» **Available data**
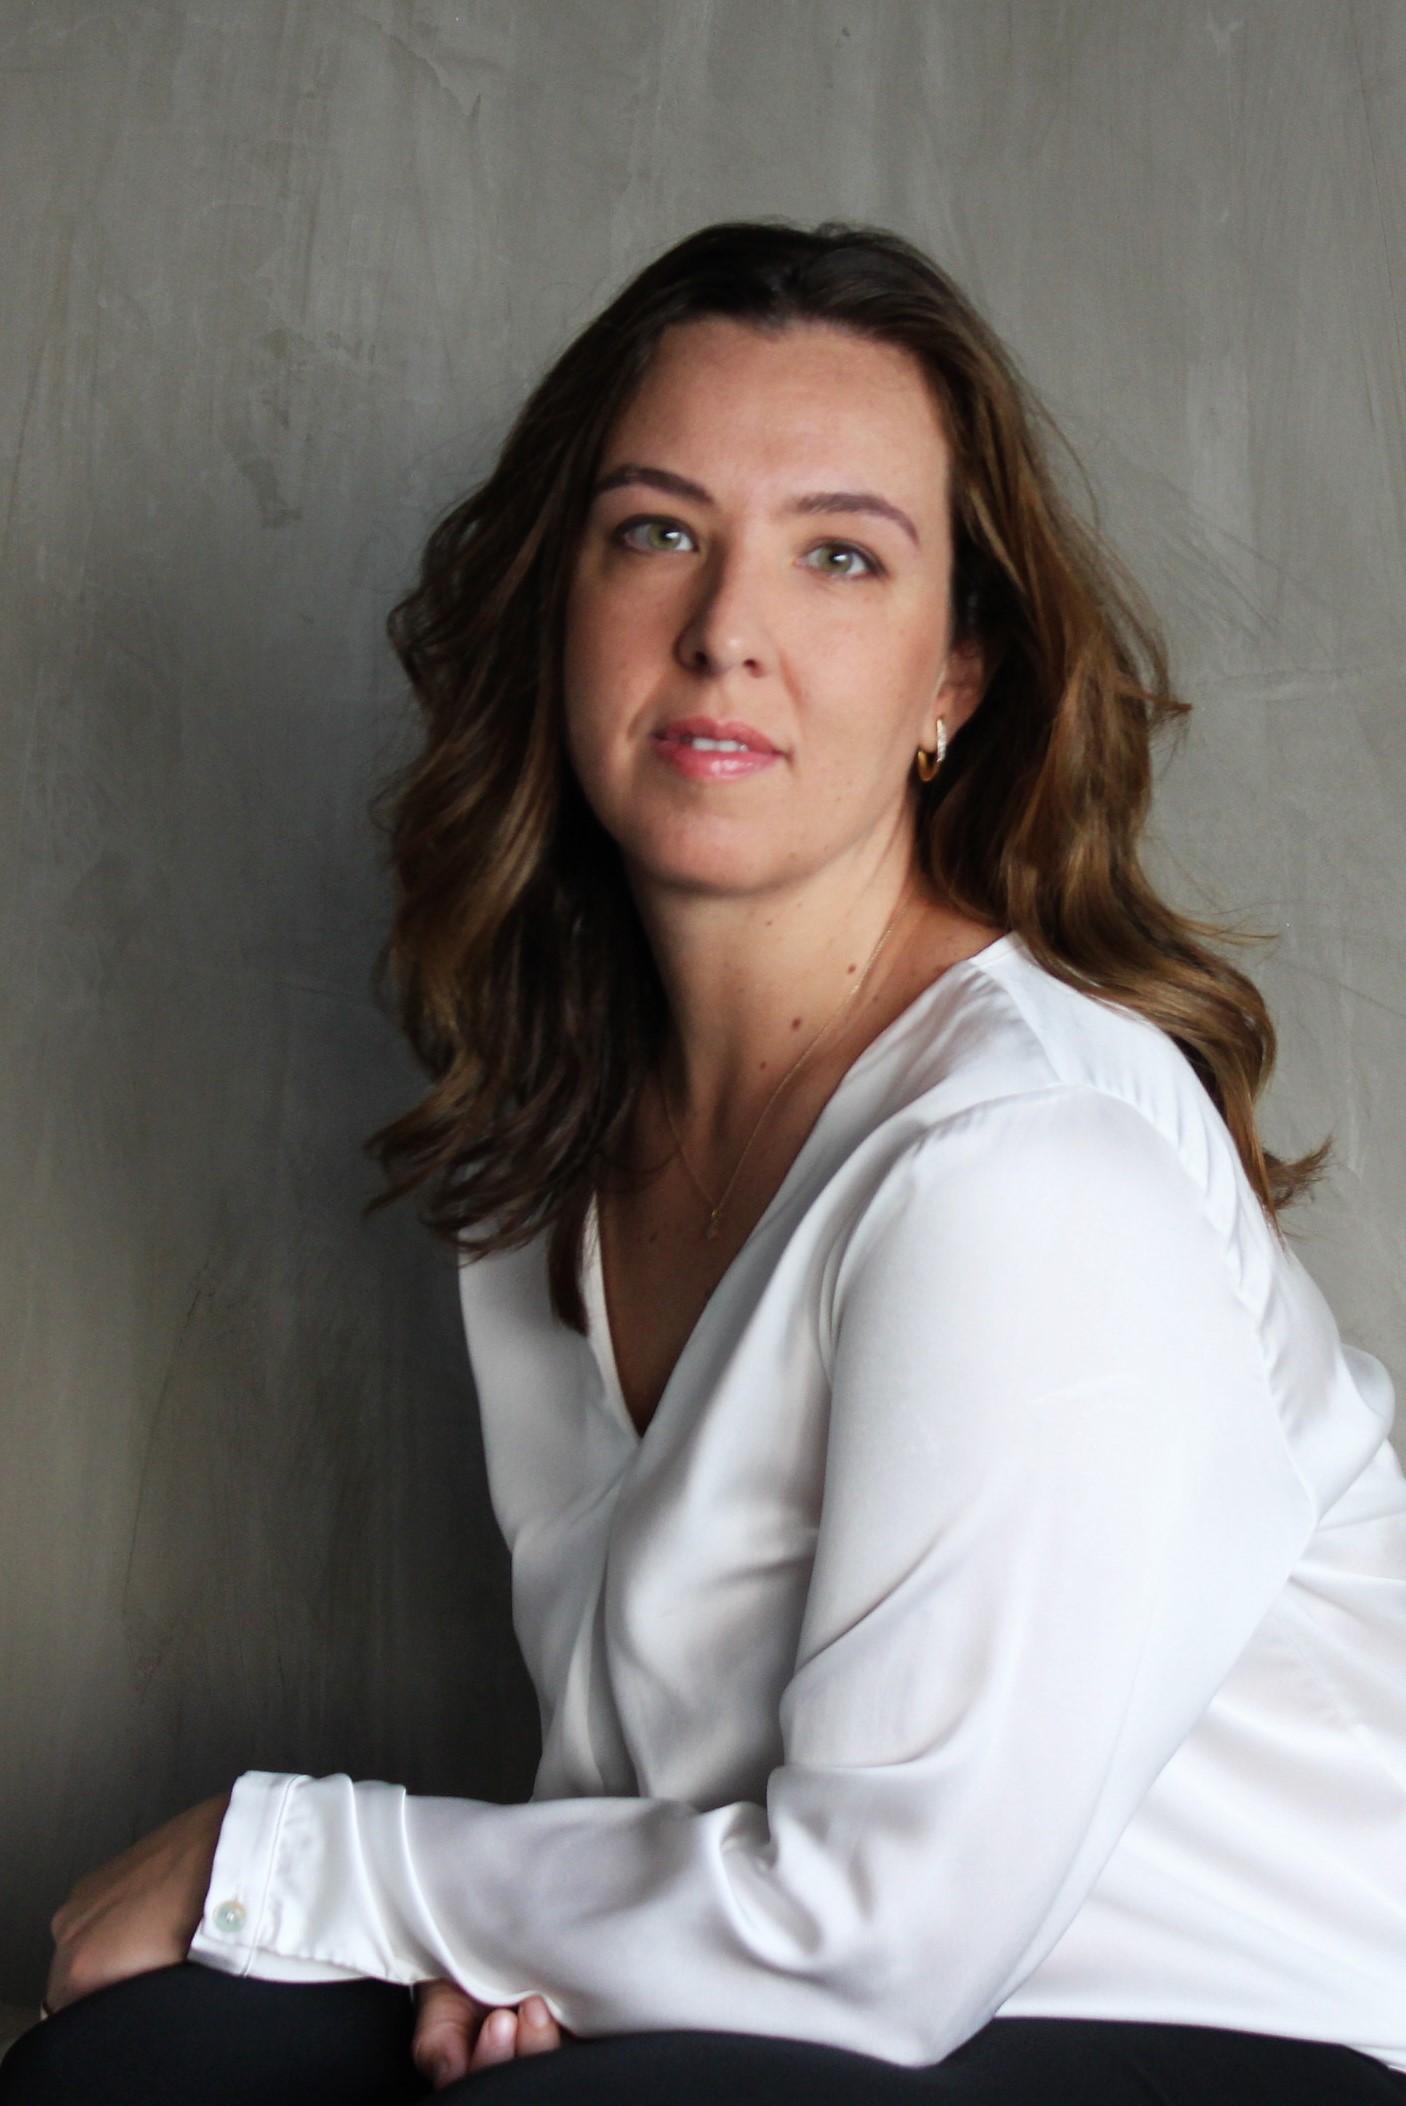 IMG 1023+%282%29 - Interview: Marilia Carvalhinha, Consultora estratégica e coordenadora da pós de moda e varejo na Faap.
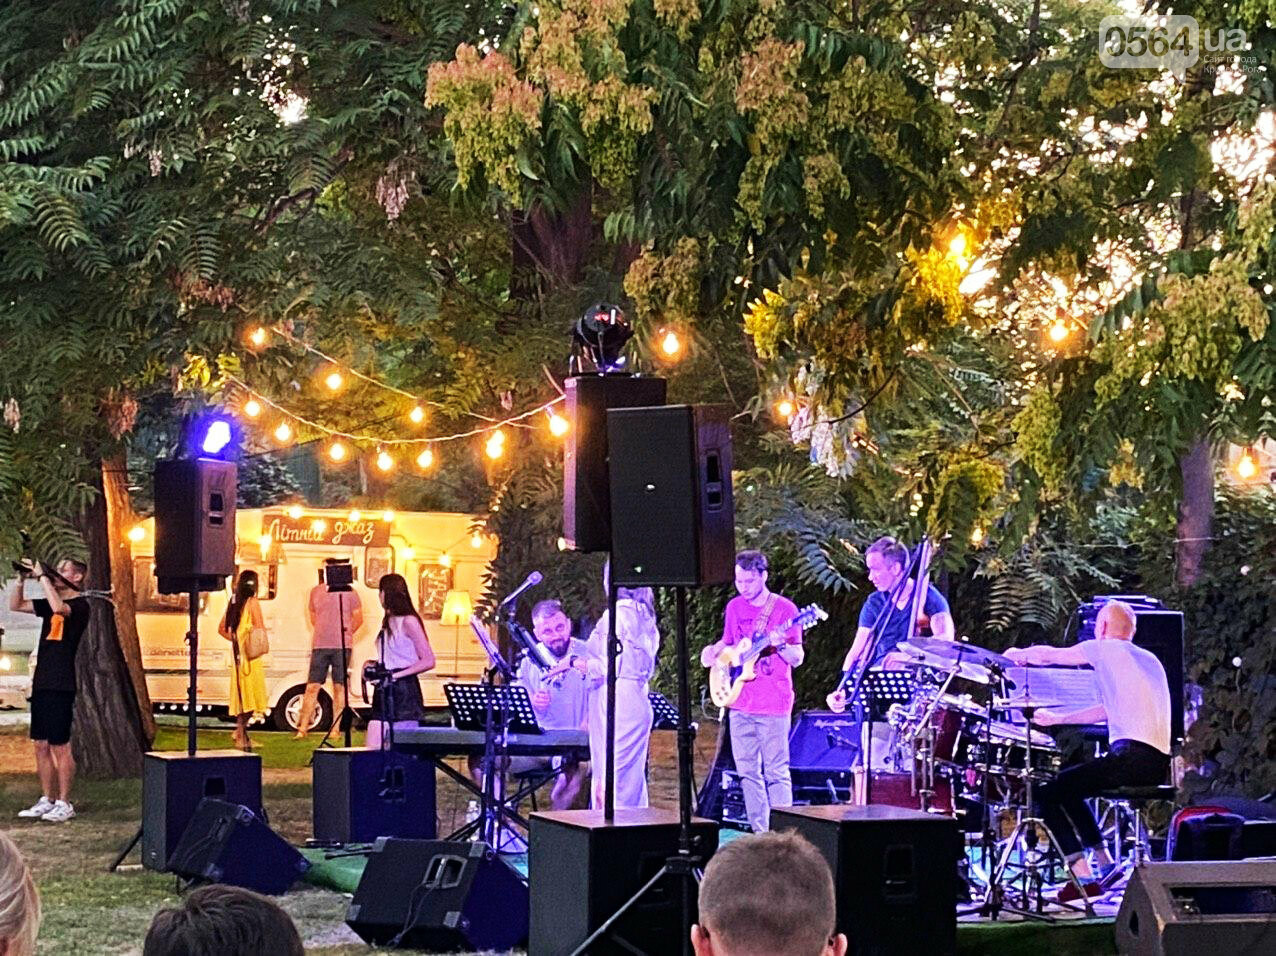 Под звездным небом криворожане наслаждались летним джазом от  Advantage Project, - ФОТО, ВИДЕО , фото-45
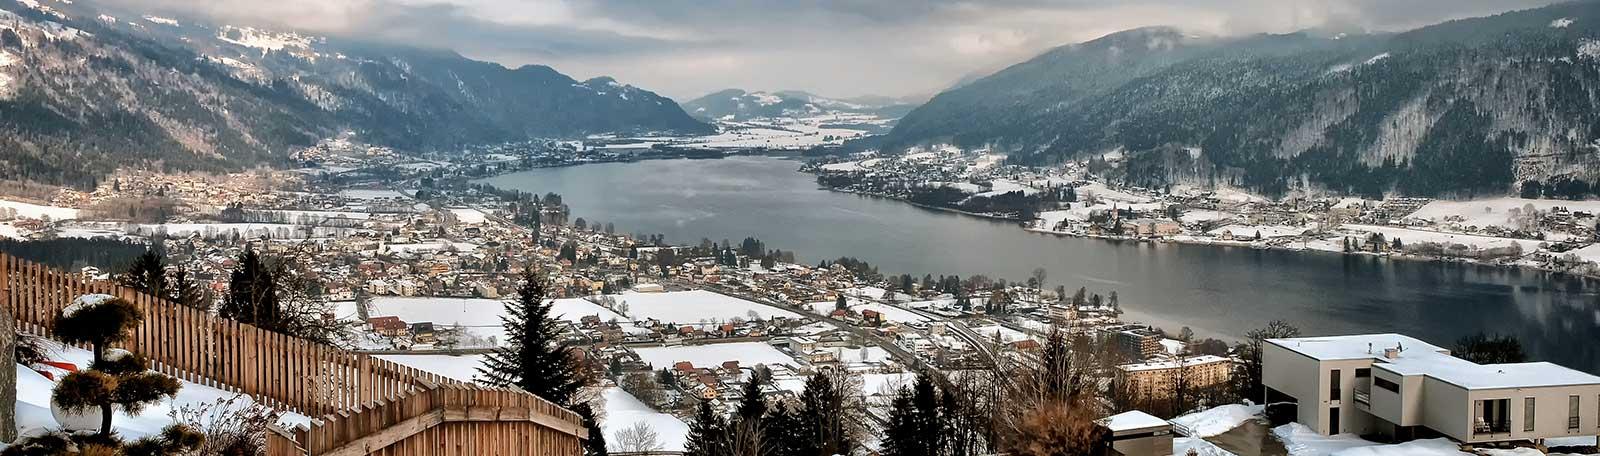 Gerlitzen School Ski Trips
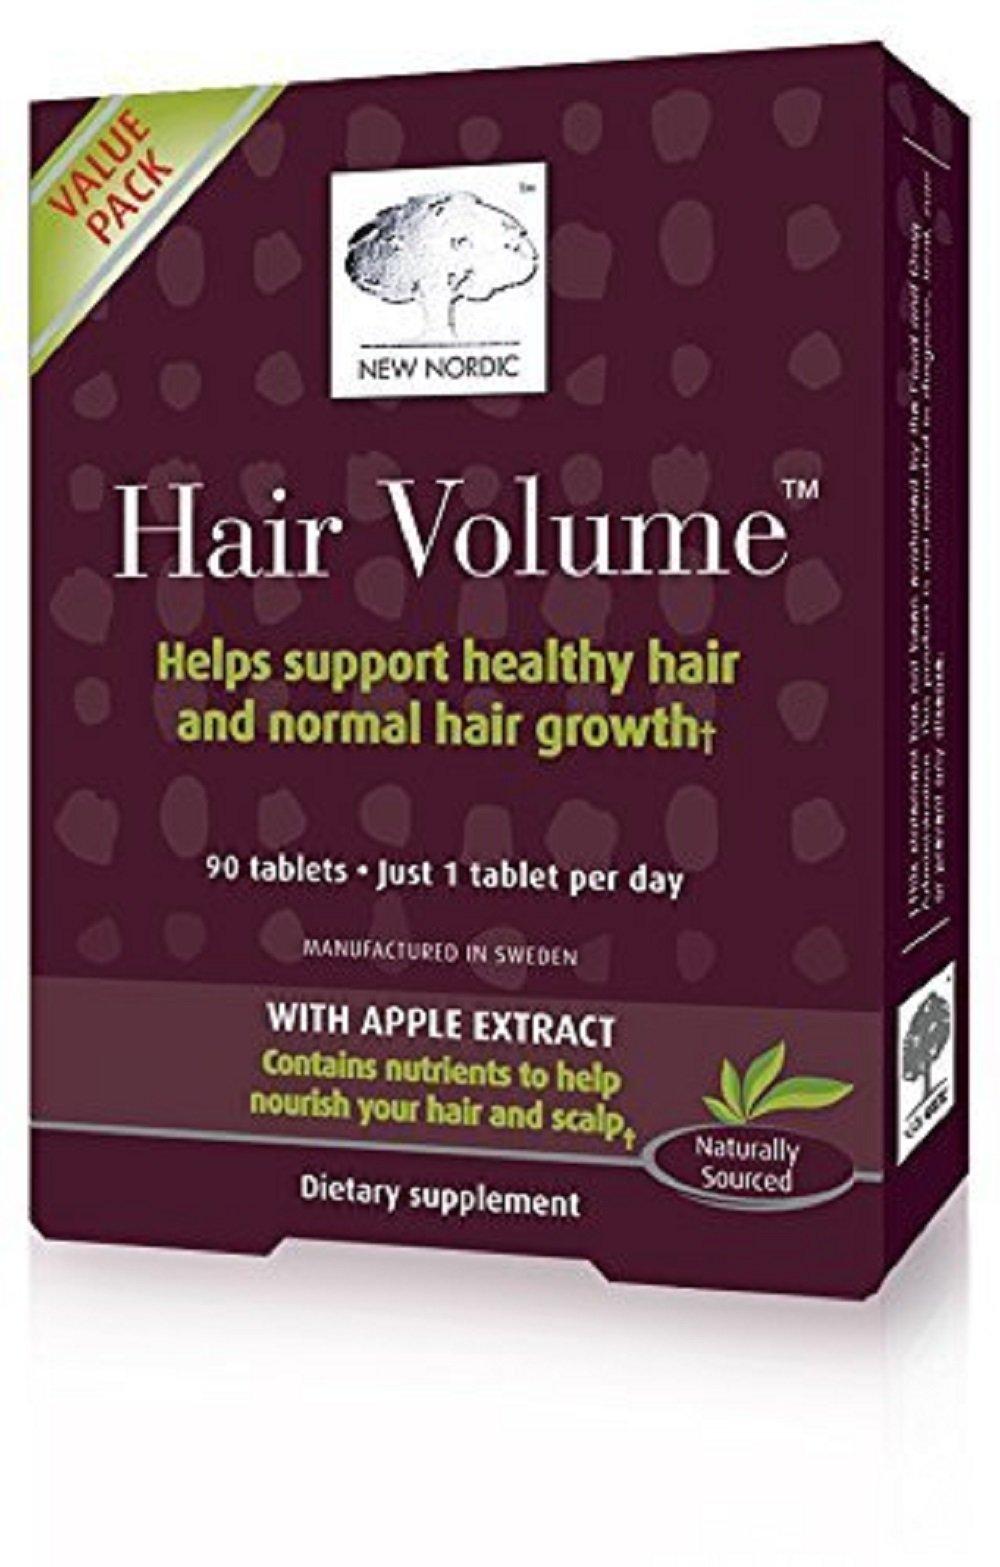 New Nordic Hair Volume 90 tabs

» **What is being asked**
Each line above is to be repeated exactly as written; no picture is carried over.

» **Output below**
 IMG 1023+%282%29 - Interview: Marilia Carvalhinha, Consultora estratégica e coordenadora da pós de moda e varejo na Faap.
 Под звездным небом криворожане наслаждались летним джазом от  Advantage Project, - ФОТО, ВИДЕО , фото-45
 Gerlitzen School Ski Trips
 New Nordic Hair Volume 90 tabs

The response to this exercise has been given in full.